Search code examples
apache-kafkakafka-consumer-apiapache-kafka-streamsktable

Can I use topic more than once in Kafka Stream Topology?


Let's just hypothetically say groupby function was not available in kafka streams. Can I do the below to get the word count and build a KTable on top of it? Please note that i use "word-count-topic" twice in the topology. I have a use case where I want to build something iteratively and for the next stream event, I want to look up previous value and update it based on the event. I want to keep the latest value in the same topic on which I build Ktable.
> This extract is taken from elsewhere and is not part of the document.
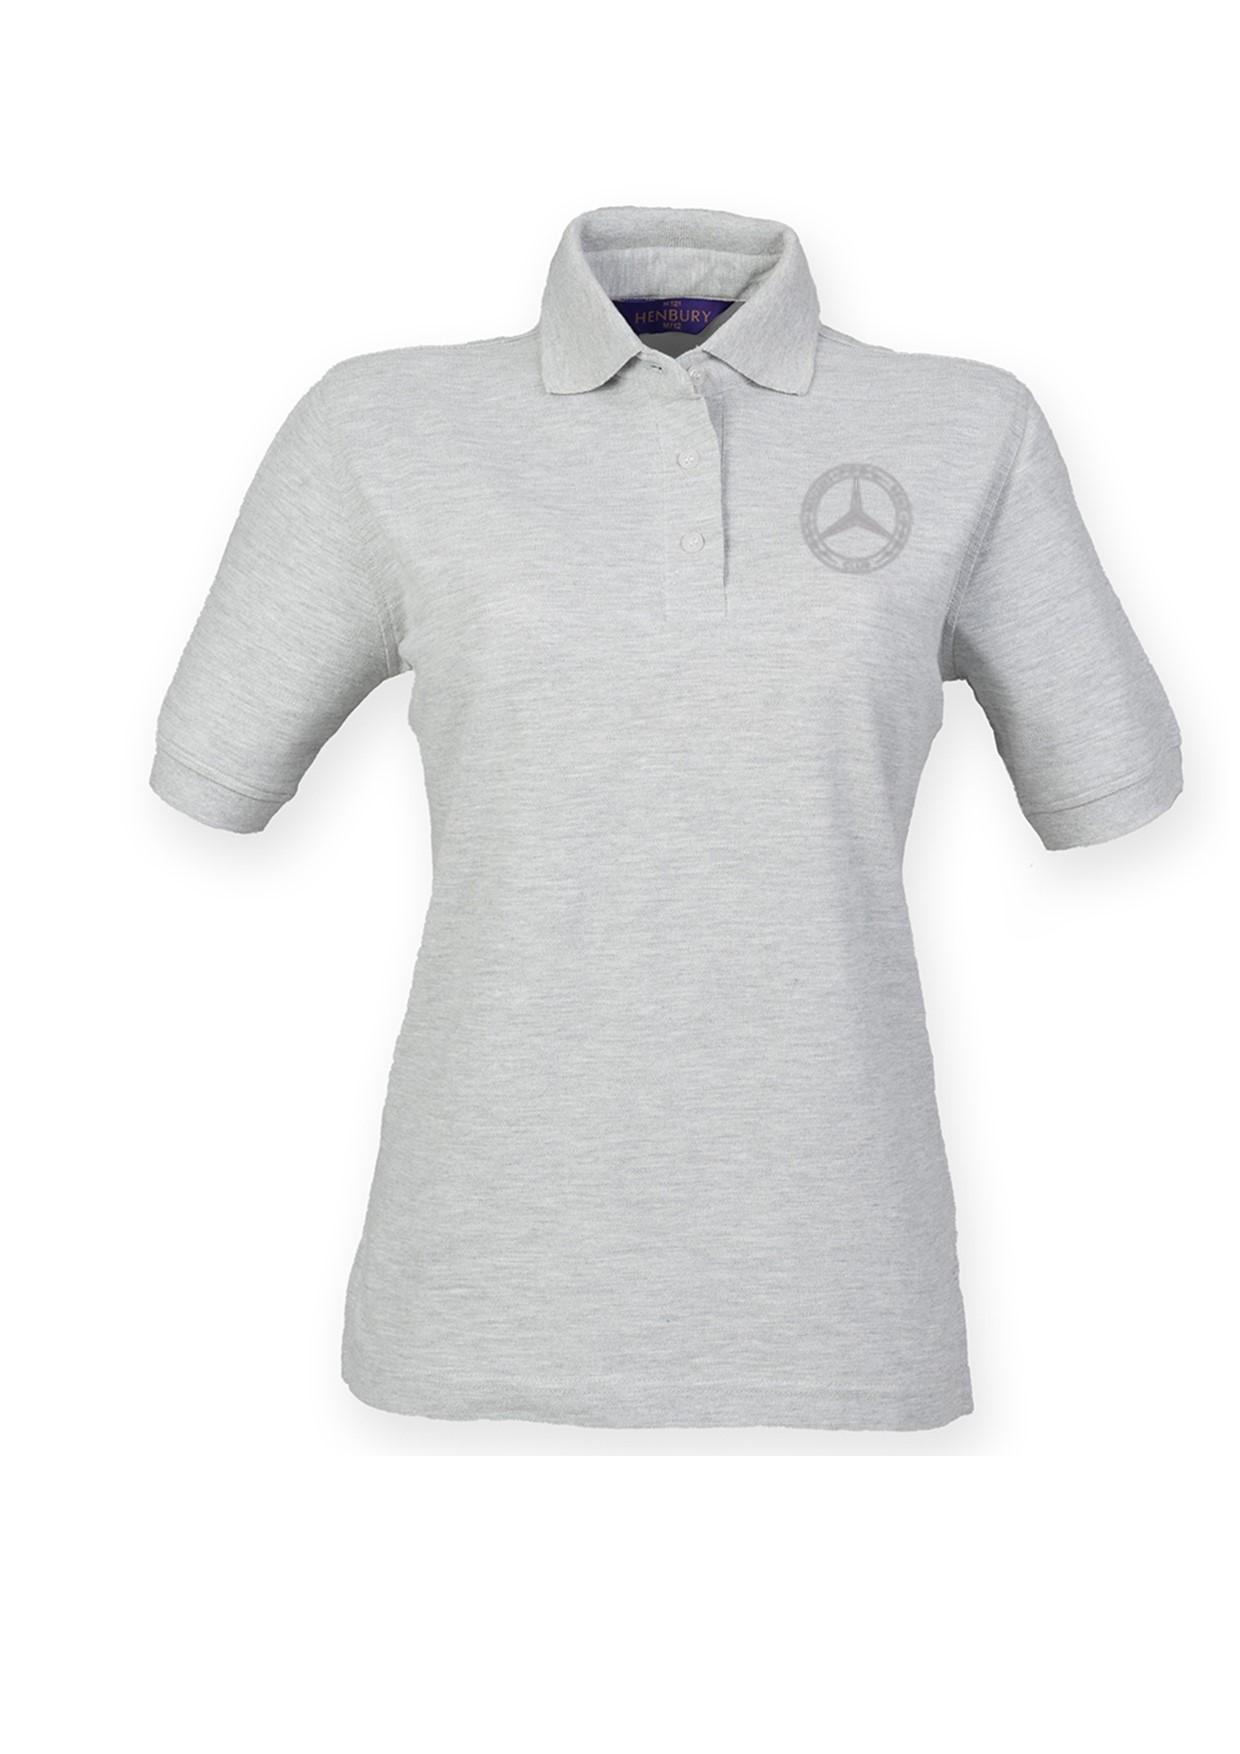 Mercedes-Benz Club Ladies Poly/Cotton Pique Polo Shirt Heather Grey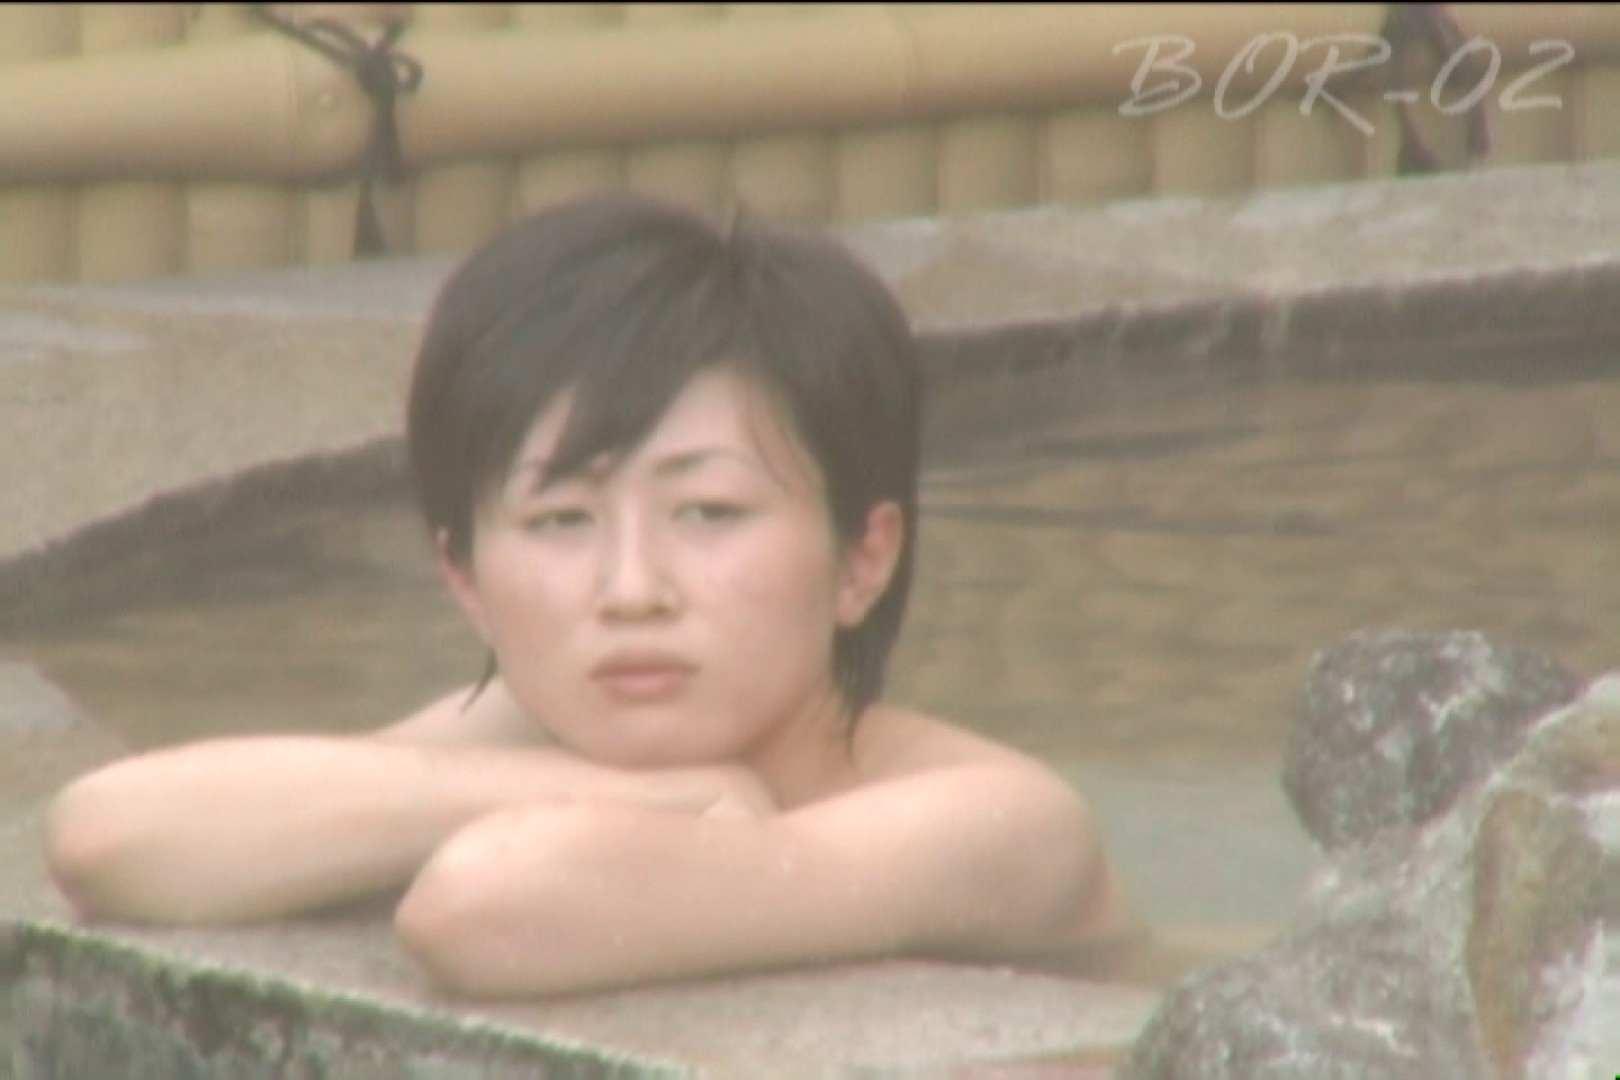 Aquaな露天風呂Vol.480 盗撮シリーズ | 露天風呂編  102PIX 35

KTable<String,Long> wordCountTable = builder.table("word-count-topic",Consumed.with(Serdes.String(), Serdes.Long()));

KStream<String,String> wordsStream = builder.stream("words-topic",Consumed.with(Serdes.String(), Serdes.String()));

KStream<String,String> msgStream = wordsStream
                                   .flatMapValues(textLine -> Arrays.asList(textLine.toLowerCase().split("\\W+")))
                                   .selectKey((k,v) -> v);

msgStream.leftJoin(kTable, (word,count) -> {
                                             if( count == null) return new WordCount(word, Long.valueOf(1));
                                             else return new WordCount(word, count + 1);
                                           })
            .mapValues((k,v)-> v.getCount())
            .to("word-count-topic", Produced.with(Serdes.String(), Serdes.Long()));

streams = new KafkaStreams(builder.build(), props);
streams.start();

Solution

  • That should work. Why not just run the code?